シンシチンが、ヒトシンシチン1、ヒトシンシチン2、マウスシンシチンA及びマウスシンシチンBからなる群から選択される、請求項2に記載の医薬組成物。
治療のための目的とする遺伝子が、治療的遺伝子；治療的抗体又は抗体断片及びゲノム編集酵素等の治療的タンパク質又はペプチドをコードする遺伝子；並びに干渉RNA、ゲノム編集のためのガイドRNA及びエクソンスキップすることができるアンチセンスRNA等の治療的RNAをコードする遺伝子からなる群から選択される、請求項1から3のいずれか一項に記載の医薬組成物。
肺疾患が、肺に影響を与える遺伝性疾患;肺に影響を与える感染症;肺の炎症性疾患又は自己免疫疾患、喘息、慢性閉塞性肺疾患、肺線維症、肺浮腫、肺気腫又は肺高血圧、急性呼吸促迫症候群、塵肺症、間質性肺疾患又はびまん性実質性肺疾患、肺移植拒絶反応の予防並びに新生児及び未熟児における肺の障害又は疾患の予防からなる群から選択される、請求項1から4のいずれか一項に記載の医薬組成物。

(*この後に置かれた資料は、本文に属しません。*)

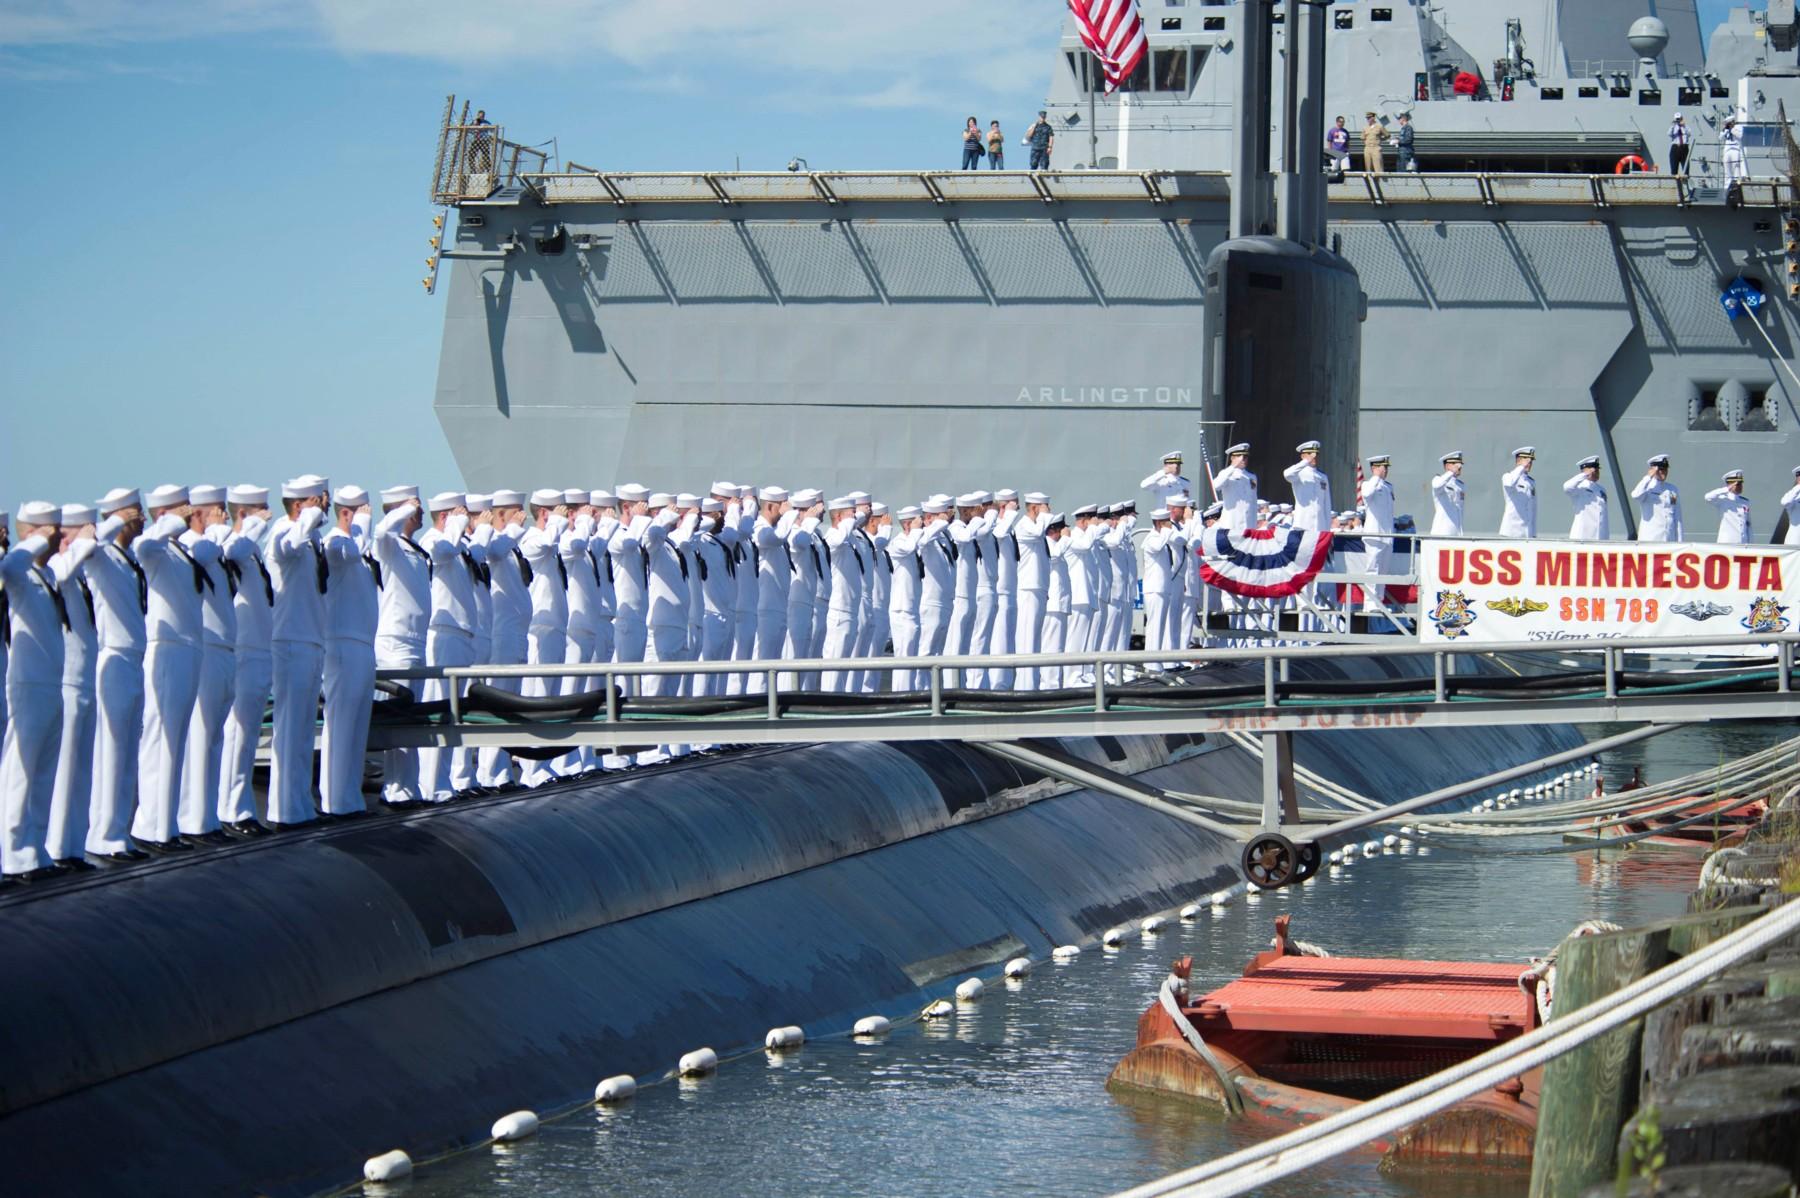 SSN-783 USS Minnesota Patch

肺疾患の遺伝子療法に使用するための、請求項1から5のいずれか一項に記載の医薬組成物。
目的とする遺伝子が、SERPINA3、SERPINA1、MMP、特にMMP1、MMP2及びMMP9、CFTR、SFTPB、SFTPC、ABCA3、CSF2RA、TERT、TERC、SFTPA2、SLC34A2、DKC1、TERC、TERT、TINF2、NF1、TSC1、FLCN、STAT3、HPS1、GBA、SMPD1、SLC7A7、SMAD9、KCNK3並びにCAV1遺伝子からなる群から選択される、請求項１から6のいずれか一項に記載の医薬組成物。

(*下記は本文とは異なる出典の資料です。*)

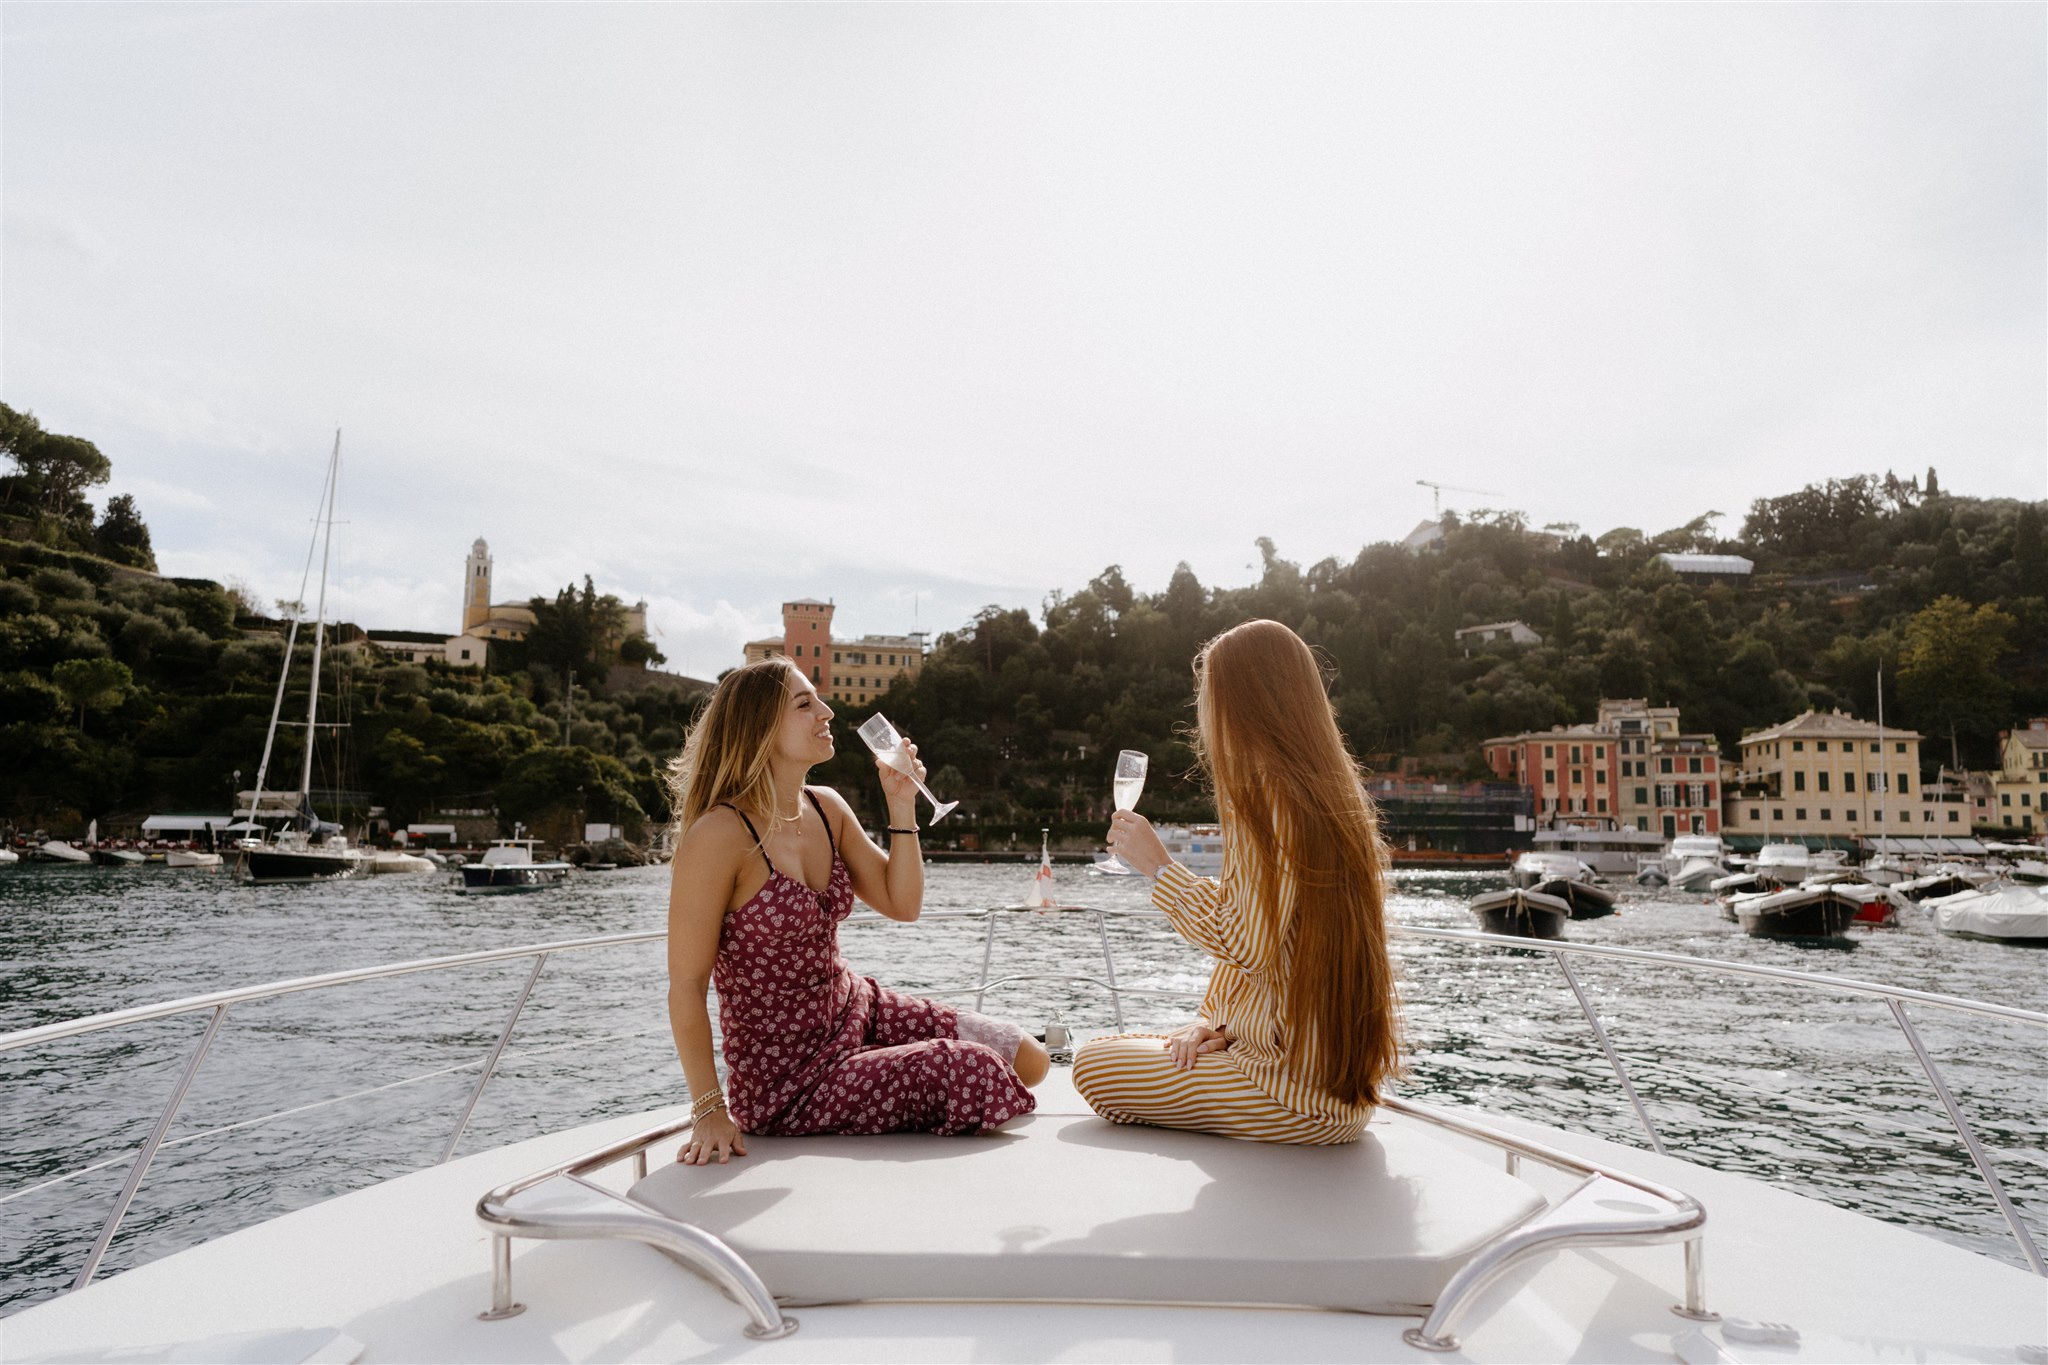 Cesare Charter Portofino - Maritime tour, transfer and charter

注射、吸入又は気管支肺胞洗浄による投与のための、請求項1から7のいずれか一項に記載の医薬組成物。
目的とする遺伝子が、干渉RNA、ゲノム編集のためのガイドRNA及びエクソンスキップすることができるアンチセンスRNA等の治療的RNAをコードし、前記治療的RNAが、SERPINA3、SERPINA1、MMP、特にMMP1、MMP2及びMMP9、CFTR、SFTPB、SFTPC、ABCA3、CSF2RA、TERT、TERC、SFTPA2、SLC34A2、DKC1、TERC、TERT、TINF2、NF1、TSC1、FLCN、STAT3、HPS1、GBA、SMPD1、SLC7A7、SMAD9、KCNK3並びにCAV1遺伝子からなる群から選択される遺伝子を標的とする、請求項1から8のいずれか一項に記載の医薬組成物。